Shakespeare's works have been adapted several times by Disney: Hamlet was adapted by Disney in The Lion King, whilst Romeo and Juliet have been adapted as The Lion King II: Simba's Pride and Gnomeo & Juliet. A Midsummer Night's Dream was adapted into Strange Magic, Taming of the Shrew was adapted into Ten Things I Hate About You and various elements of his plays were added into Gargoyles.
Disney films based on his plays
- The Lion King (Hamlet)
- The Lion King II: Simba's Pride (Romeo and Juliet)
- Ten Things I Hate About You (The Taming of the Shrew)
- The Tempest
- Gnomeo & Juliet (Romeo and Juliet)
- Strange Magic (A Midsummer Night's Dream)
- West Side Story (Romeo and Juliet)
Appearances in Disney productions
- In the Donald Duck cartoon, Trick or Treat, Hazel the Witch says one of the famous lines in Shakespeare's Macbeth while making the witch's brew: "Double, bubble, toil and trouble, fire burn and cauldron bubble."
- In Oliver & Company, Francis is seen watching the grainy TV and a theatrical production of Macbeth, one of Shakespeare's most famous plays and which he apparently knows by heart.

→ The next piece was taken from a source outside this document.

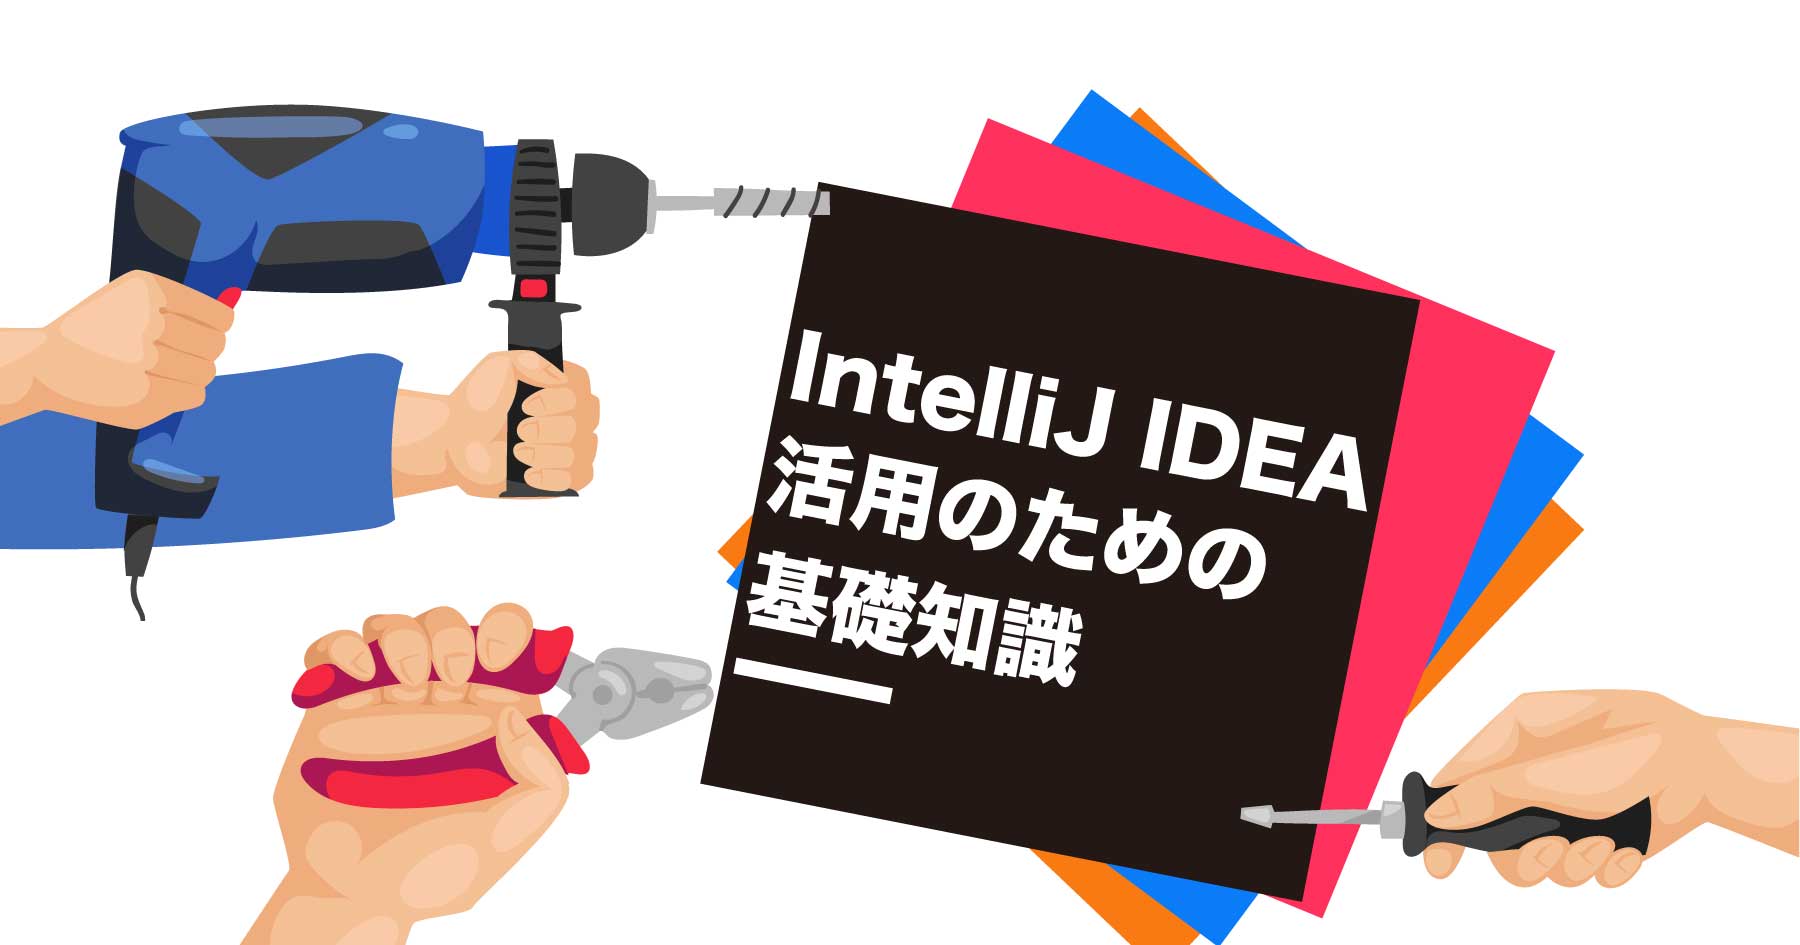 IntelliJ IDEAをもっと便利で使いやすく！ つまずきがちな設定や、便利な機能を細かに解説します。

The part shown was from Act V, Scene 5 of Macbeth.
- In Beauty and the Beast, during "The Mob Song", Gaston briefly quotes Shakespeare by saying "Screw your courage in the sticking place!" In addition, the Special Edition of the same film, during the song "Human Again", had Beast and Belle reading Romeo and Juliet.
- In Tarzan, a portrait of Shakespeare is on one of the many slides Tarzan views on the projector during "Strangers Like Me".

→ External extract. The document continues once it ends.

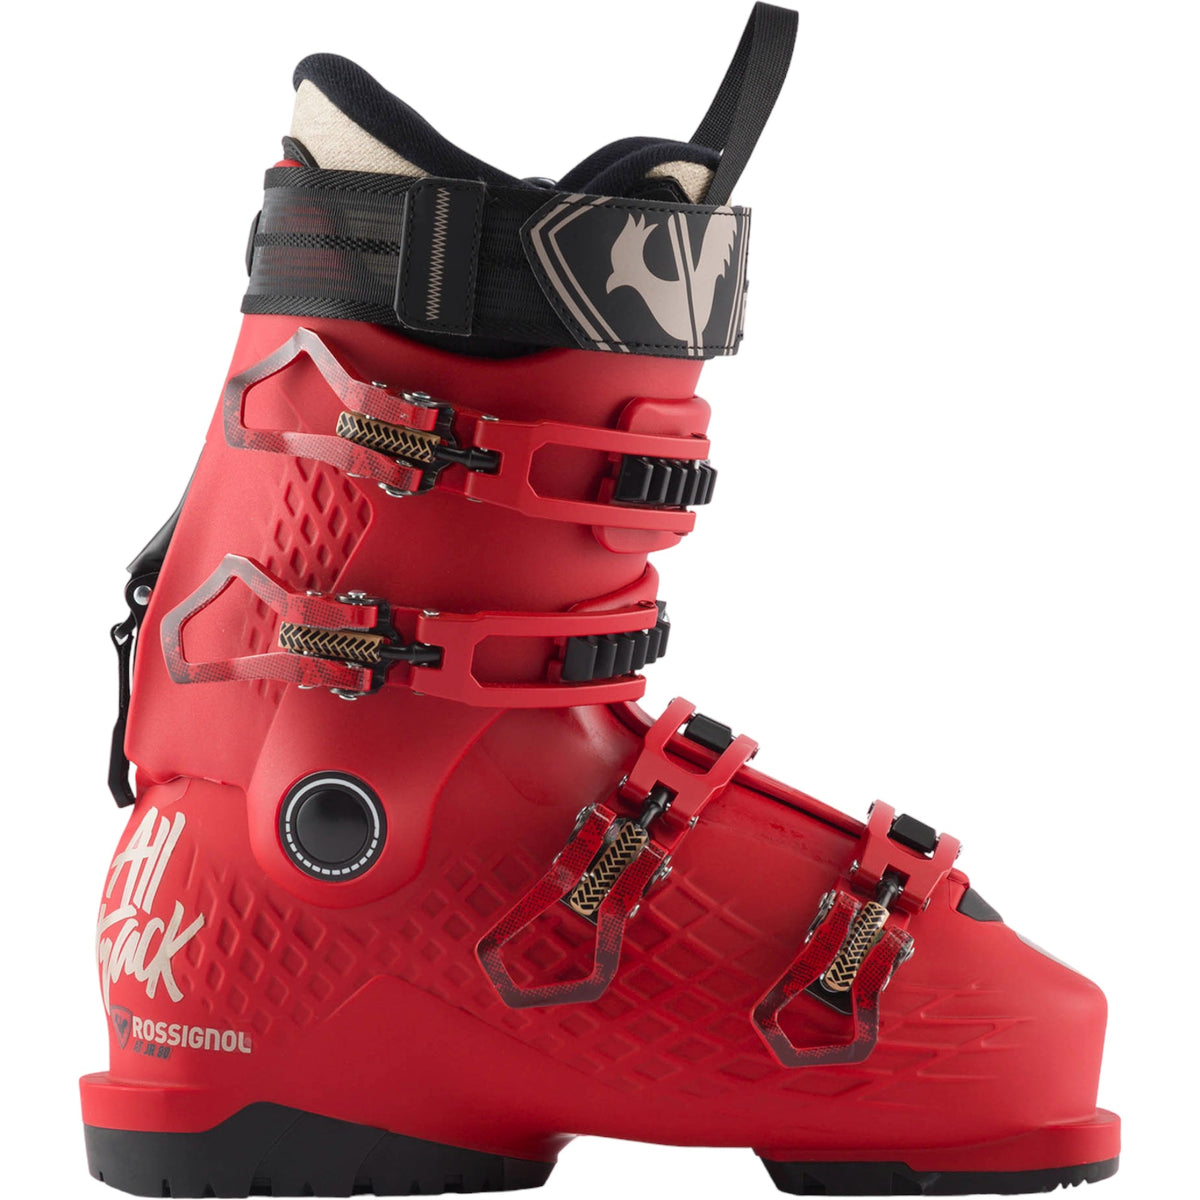 Chaussures de ski, conseils d'achat bottes de ski alpin

- In Aladdin, Iago was named after the villain, Iago in his play, Othello, as evidenced by mention in the TV series revealing that he has a twin brother called Othello. In the Aladdin episode; "The Return of Malcho", he was spoofed by Genie. In "Smells Like Trouble", Genie transformed into the three witches from Macbeth while making a witch's brew "Double, Bubble, Toil and Trouble, Fire burn and cauldron bubble". In "SandSwitch", Genie (as a gondolier under Sadira's spell) mentioned having once "set up Anthony and Cleopatra... Shame it didn't work out." when Sadira suggests marrying Aladdin (under her spell too) one night. In "Night of the Living Mud", Genie was seen turning into Julius Caesar himself one night. In "Snowman is an Island", Genie was seen turning into William Shakespeare again and Hamlet from Hamlet. In the third Aladdin movie, Caesar and Cleopatra were seen walking through the crowd while bringing gifts for Aladdin and Jasmine's wedding.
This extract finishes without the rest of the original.